START Data to examine
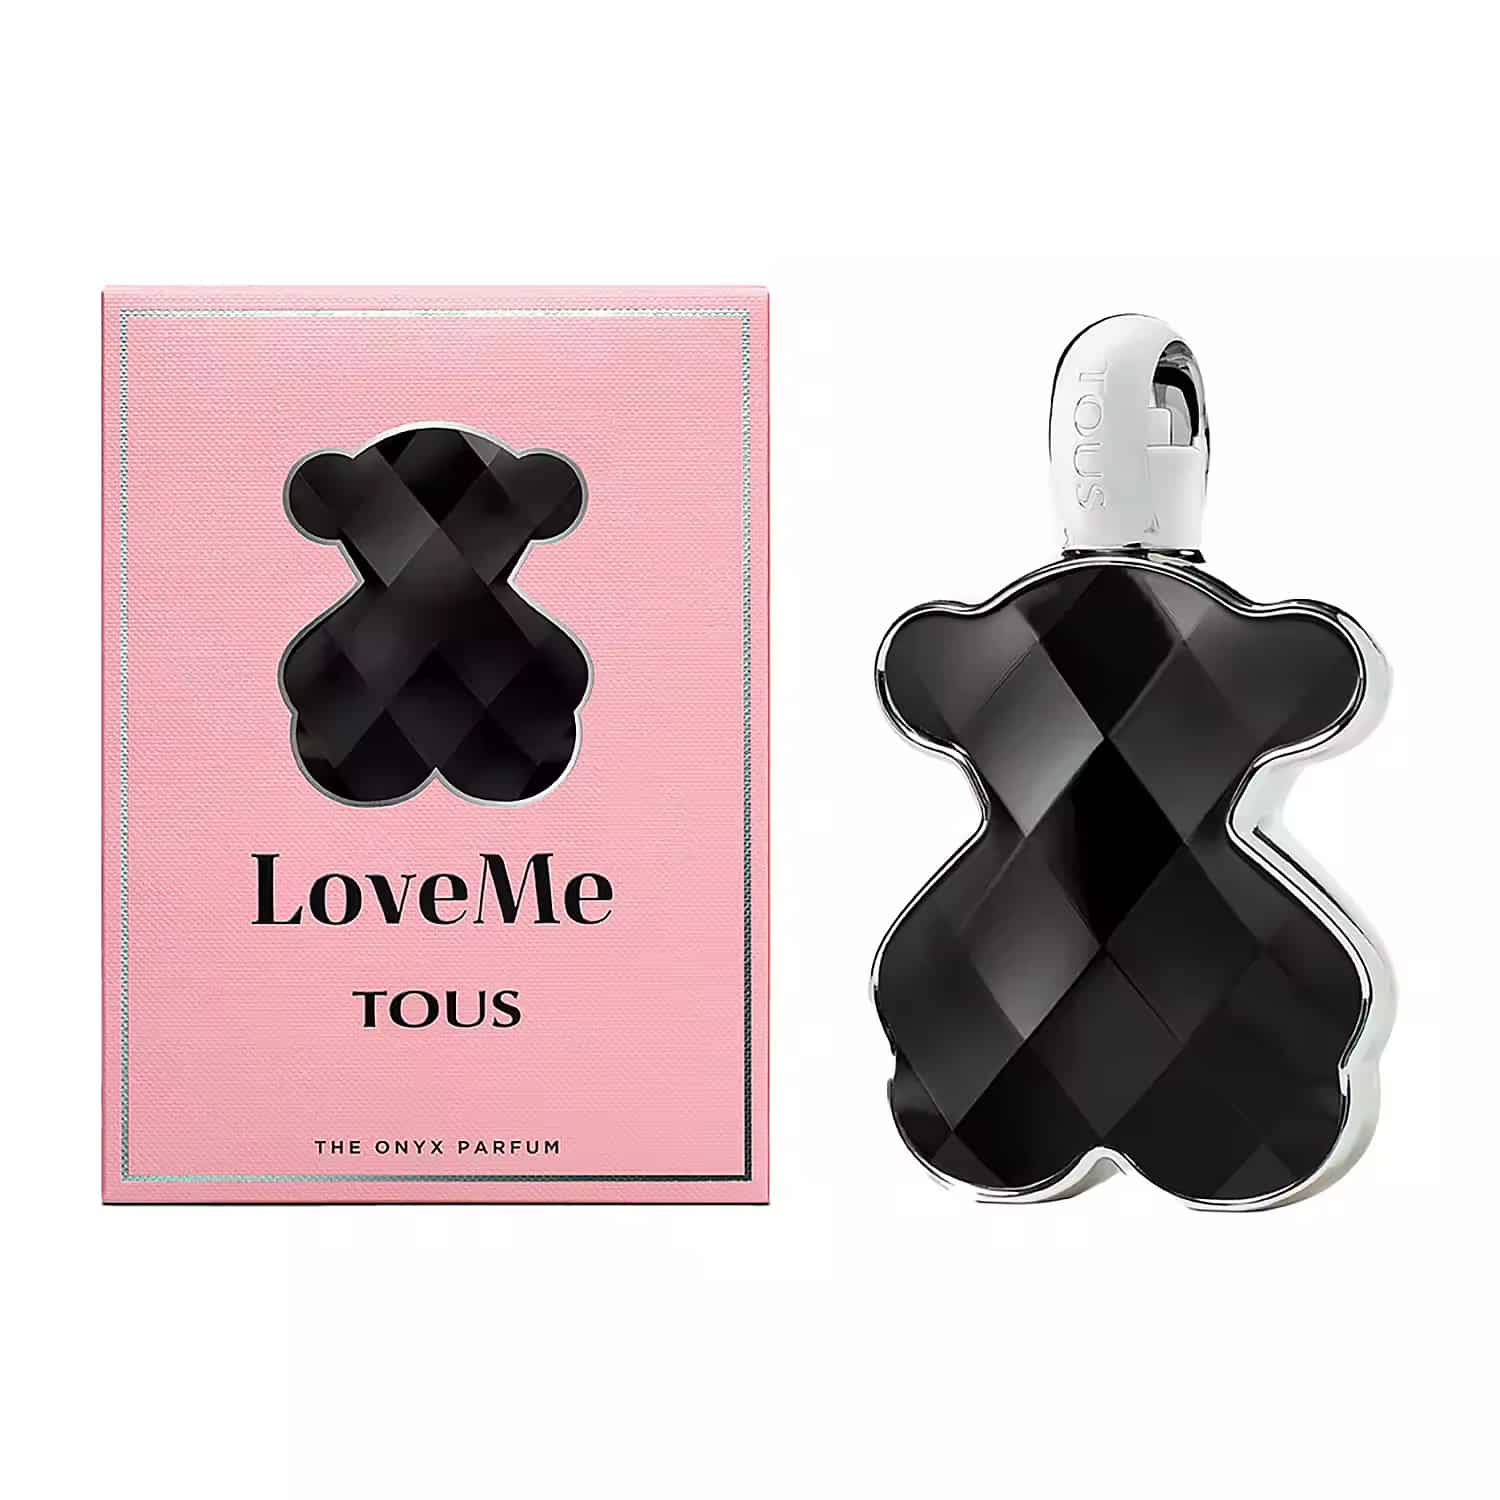 LoveMe The Onyx Parfum by Tous 3.0 oz EDP Spray for Women
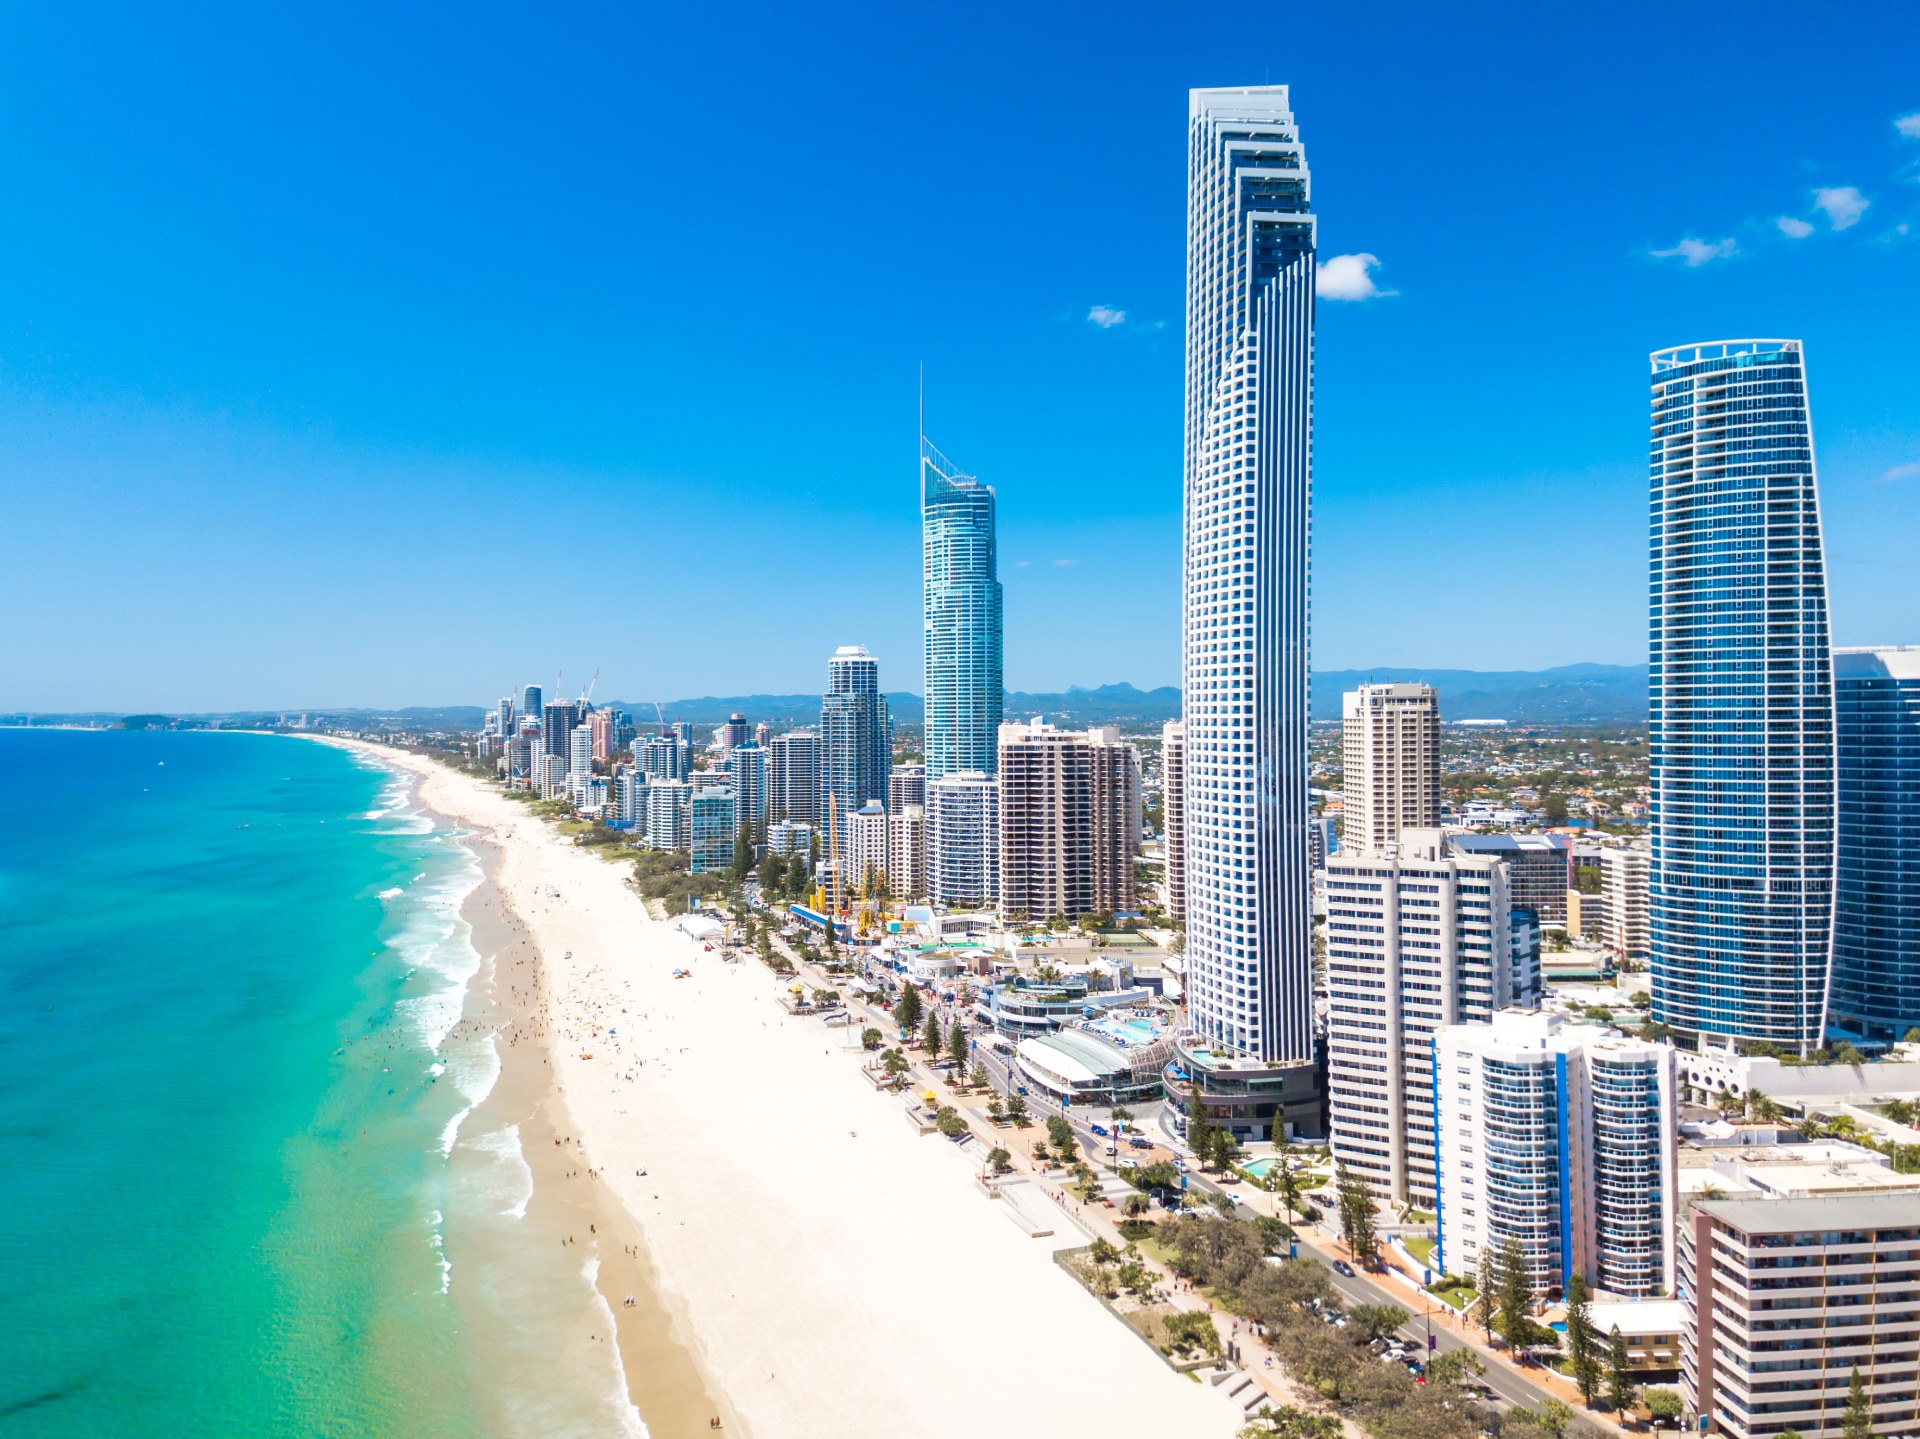 Q1 Gold Coast, der höchste Turm Australiens – We Build Value
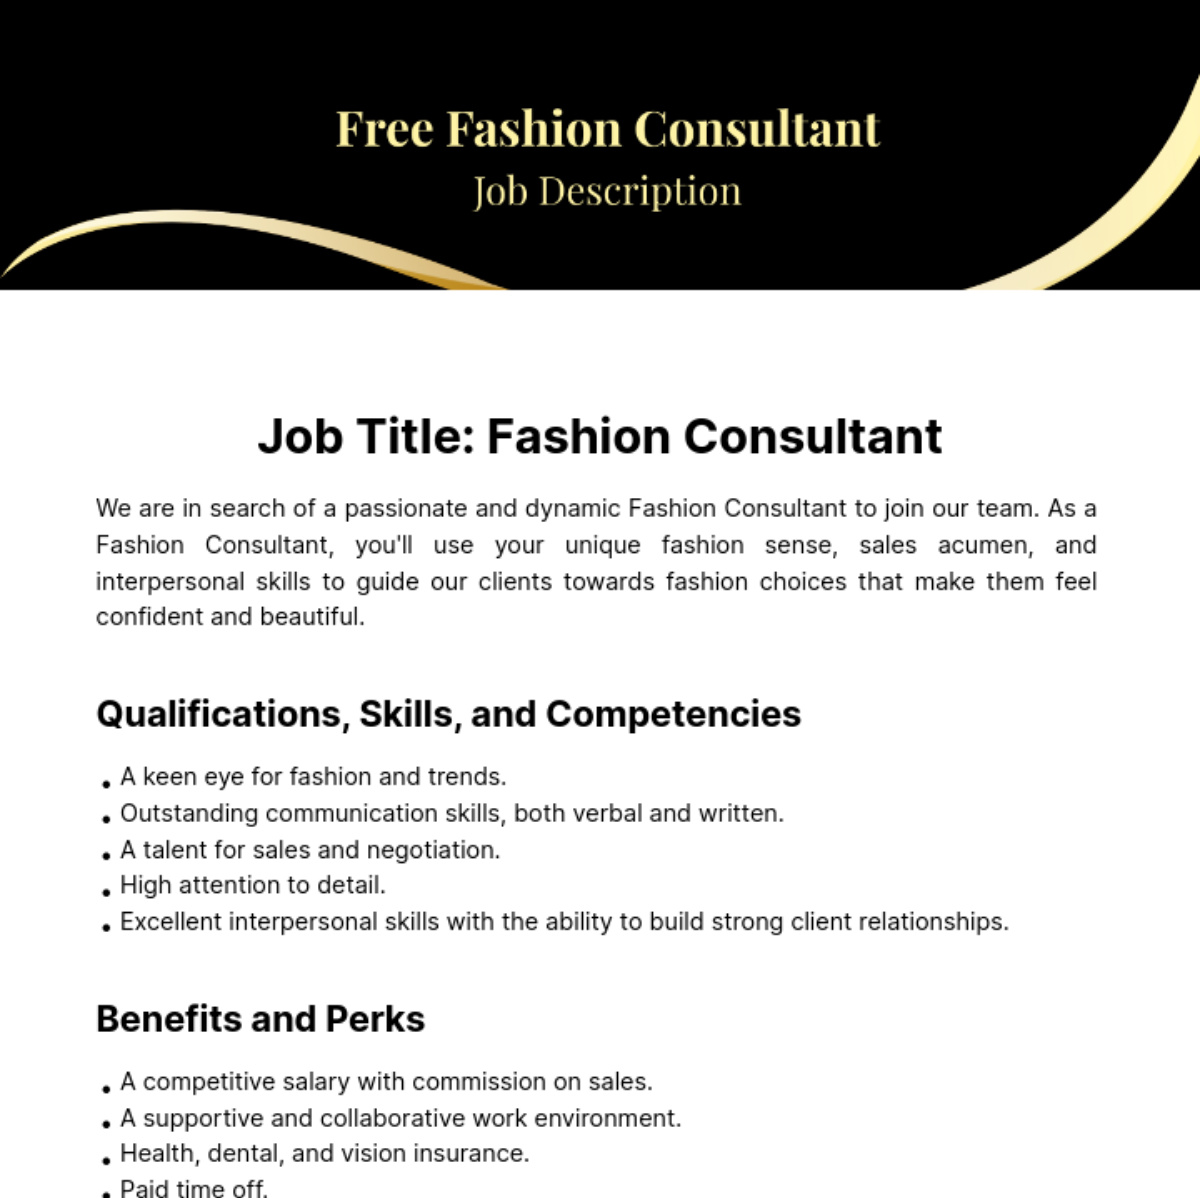 Free Fashion Consultant Job Description Template
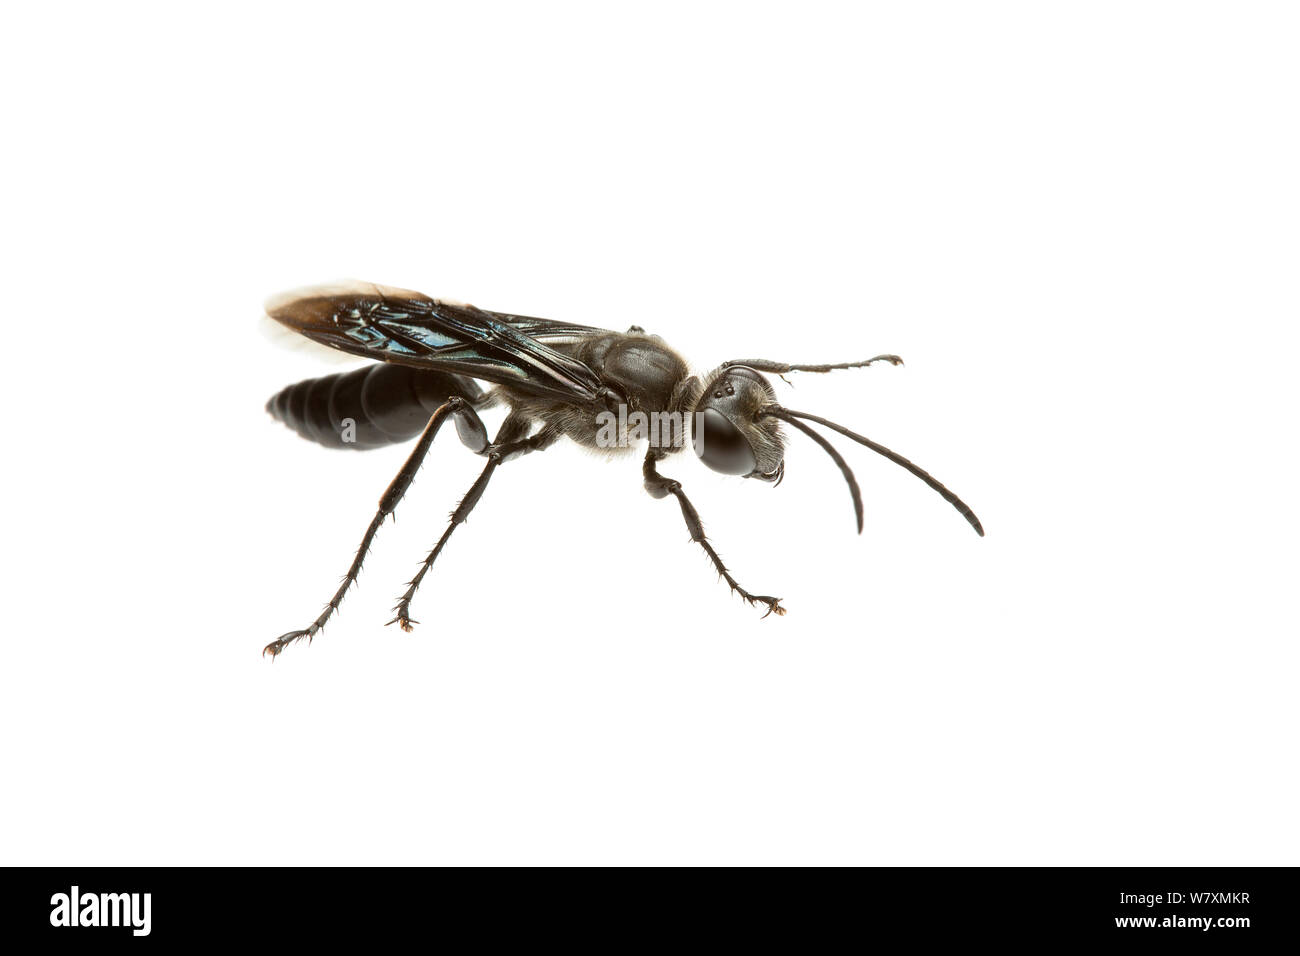 Black Digger Wasp (Sphex cognatus) Mine d'or, plutoniques Meekatharra Shire, Gascoyne Bioregion, ouest de l'Australie. Projet d'Meetyourneighbtous.net Banque D'Images
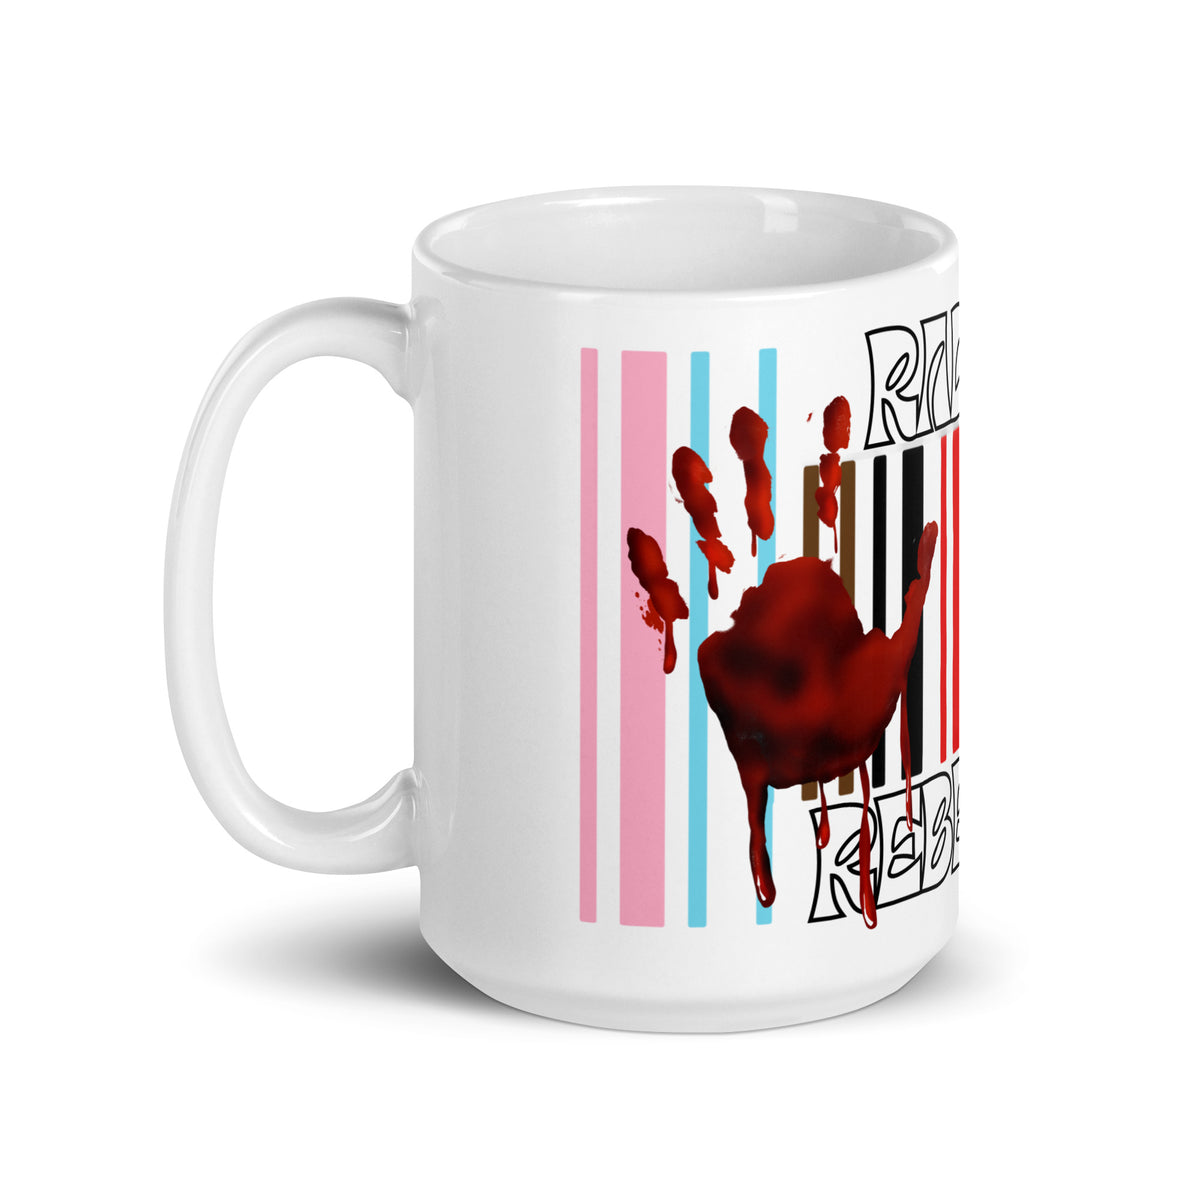 Radical Rainbow Rebellion Mug - mug - Twisted Jezebel
END Data to examine
* _Required action_
Without the pictures, copy all of the entries exactly as they appear.

* _Response for this exercise_
 LoveMe The Onyx Parfum by Tous 3.0 oz EDP Spray for Women
 Q1 Gold Coast, der höchste Turm Australiens – We Build Value
 Free Fashion Consultant Job Description Template
 Black Digger Wasp (Sphex cognatus) Mine d'or, plutoniques Meekatharra Shire, Gascoyne Bioregion, ouest de l'Australie. Projet d'Meetyourneighbtous.net Banque D'Images
 Radical Rainbow Rebellion Mug - mug - Twisted Jezebel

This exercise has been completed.